Was uns an Designklassikern so fasziniert, ist also die Tatsache, dass sie die ersten und die mutigsten Vertreter einer Stilepoche sind, gleichzeitig diejenigen, mit dem am längsten währenden Zuspruch. Greta Grossman erklärt ihren Stil selbst, als "nicht aufgezwungen, sondern eine Antwort auf vorhandene Lebensbedingungen, ein Ausdruck unserer Gewohnheiten, unseres Geschmacks." Sie war also mutig genug, eine neue Formensprache zu kreieren, die bis heute alltagstauglich geblieben ist.
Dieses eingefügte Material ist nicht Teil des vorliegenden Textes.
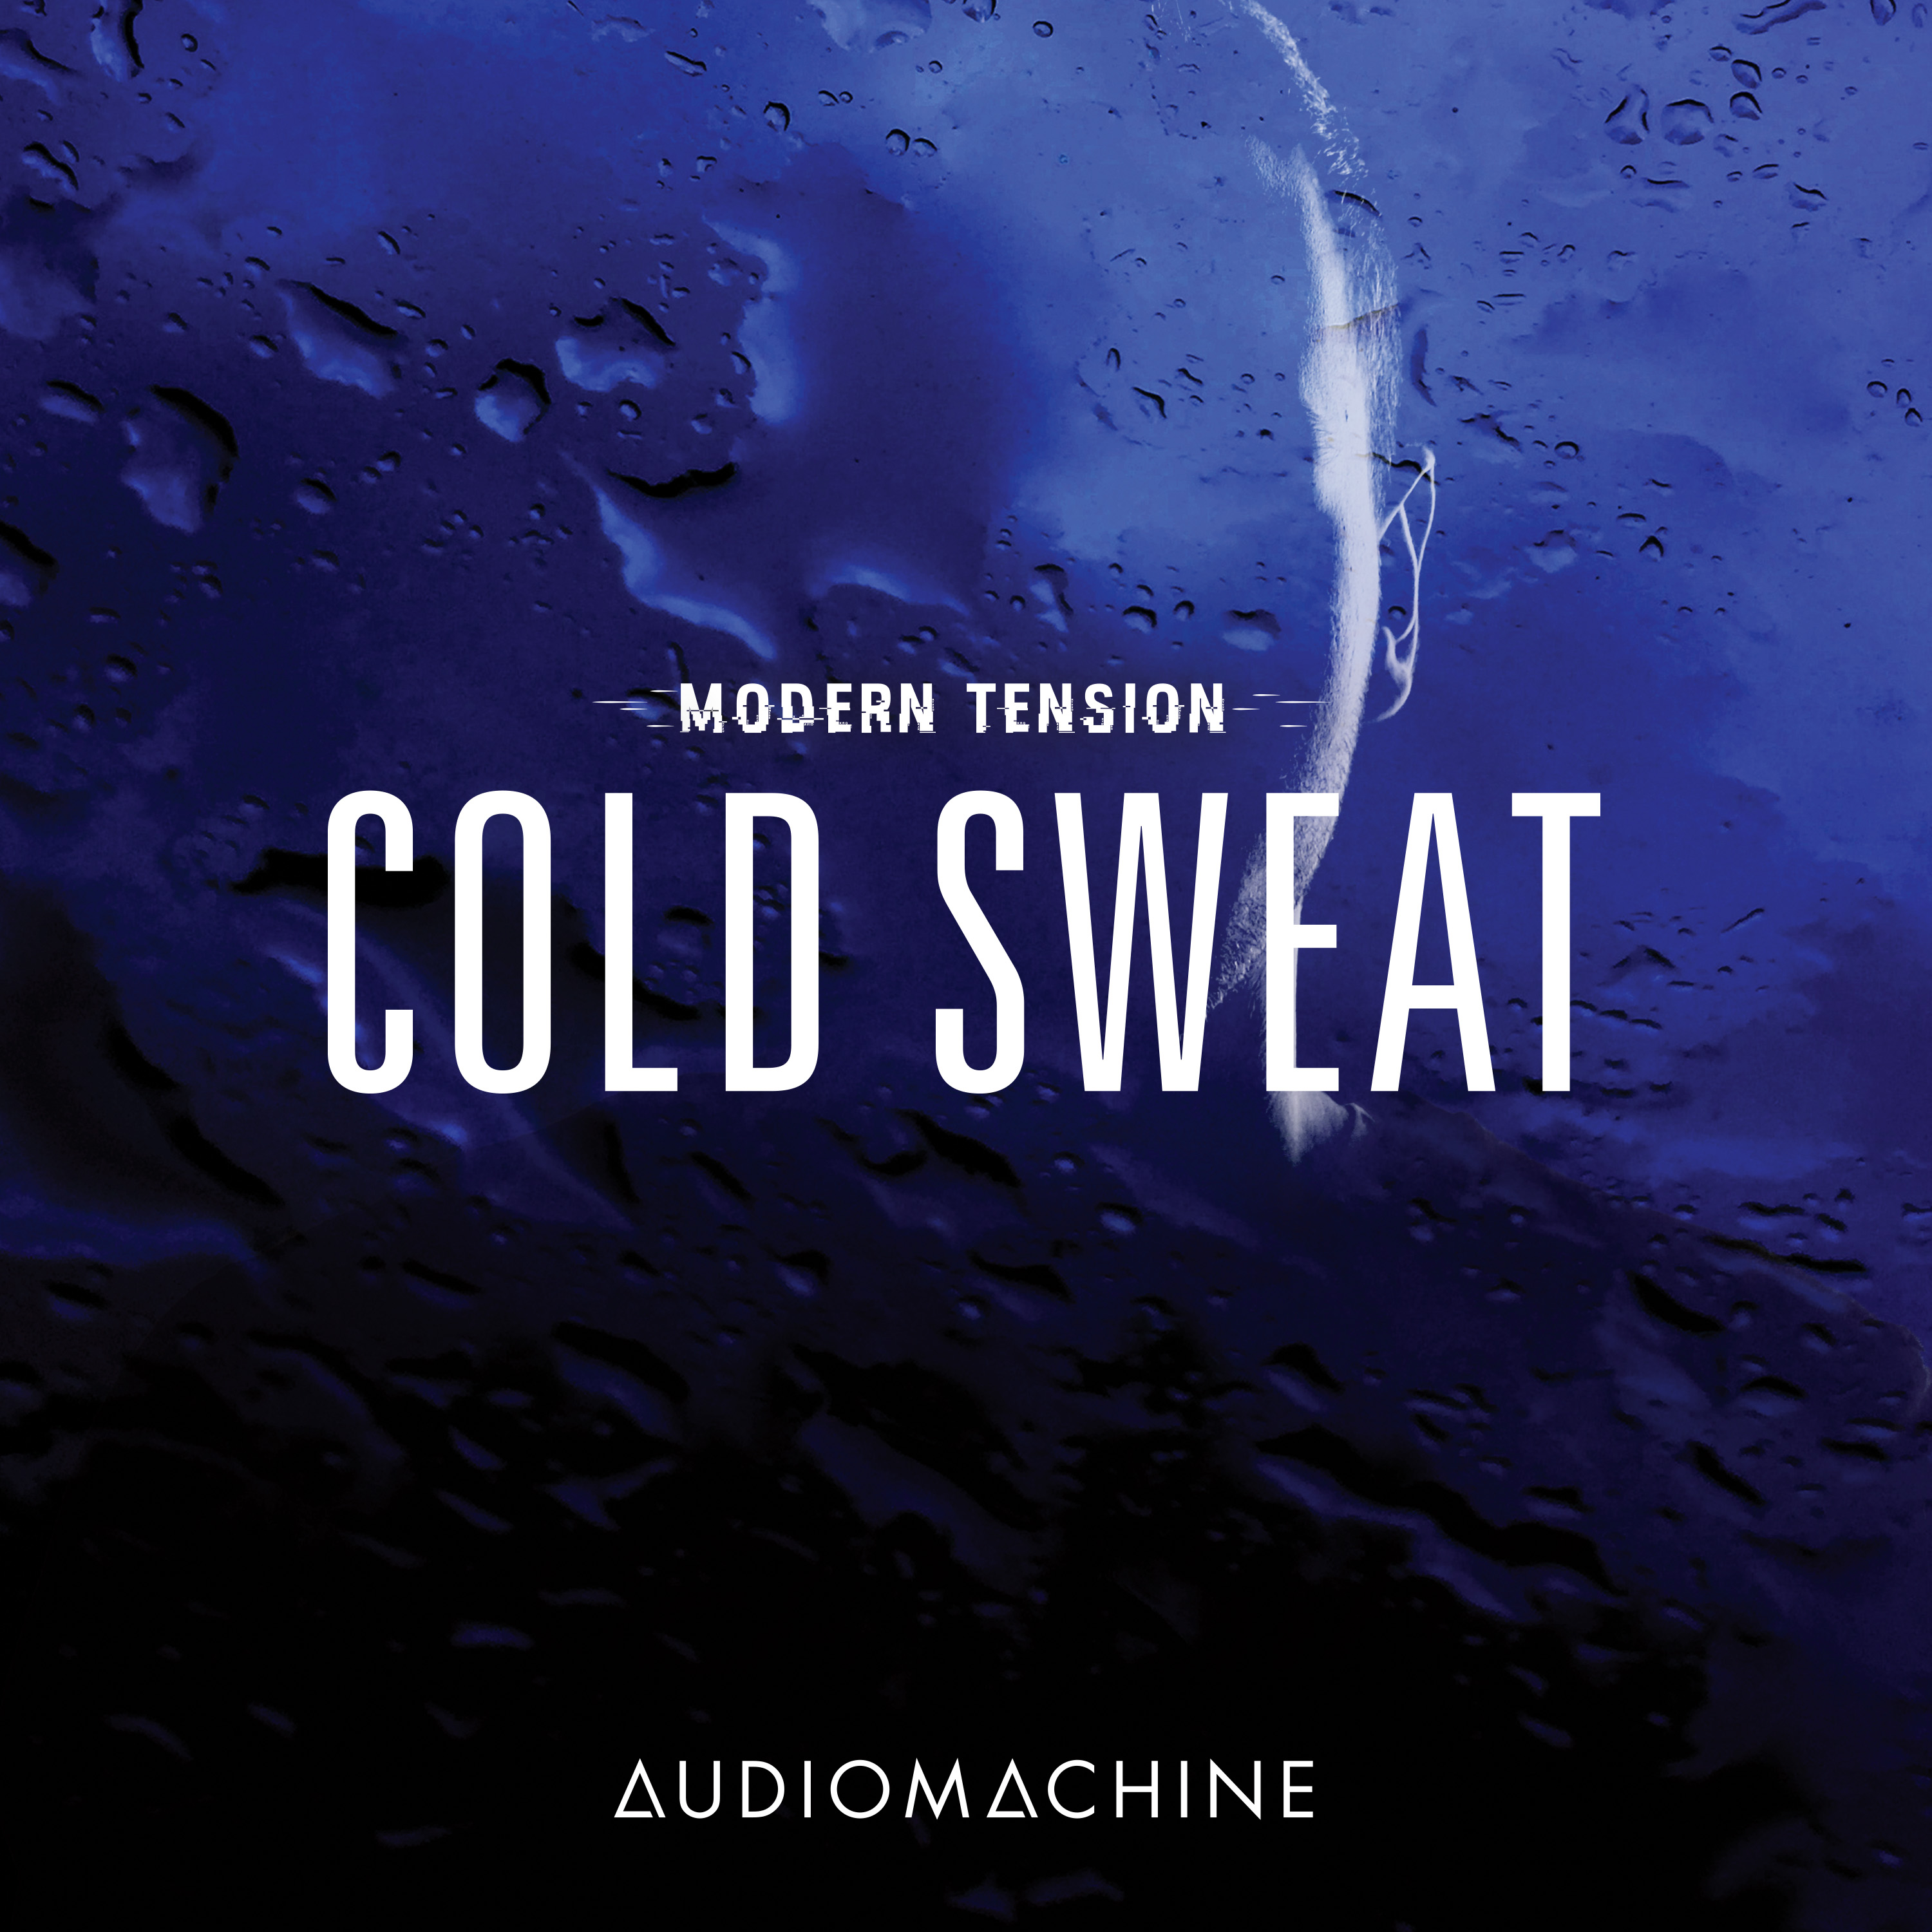 Modern Tension: Cold Sweat

Nur bahnbrechende, neue Ideen haben das Anrecht auf einen Status, der sich irgendwann Designklassiker nennen wird. Wir sind gespannt, was die späteren Klassiker des heutigen Leuchtendesigns sein werden; vielleicht die minimalistische Verarbeitung von LED-Licht, wie bei Ben Wirth oder Ingo Maurer? Vielleicht das organische Design eines Karim Rashid oder Constantin Wortman? Oder vielleicht reines Licht- statt Leuchtendesign, wie das von Flos Architectural? Schön dabei ist, all dies wäre ohne frühere Avantgardisten, wie Greta Grossman, definitiv nicht möglich.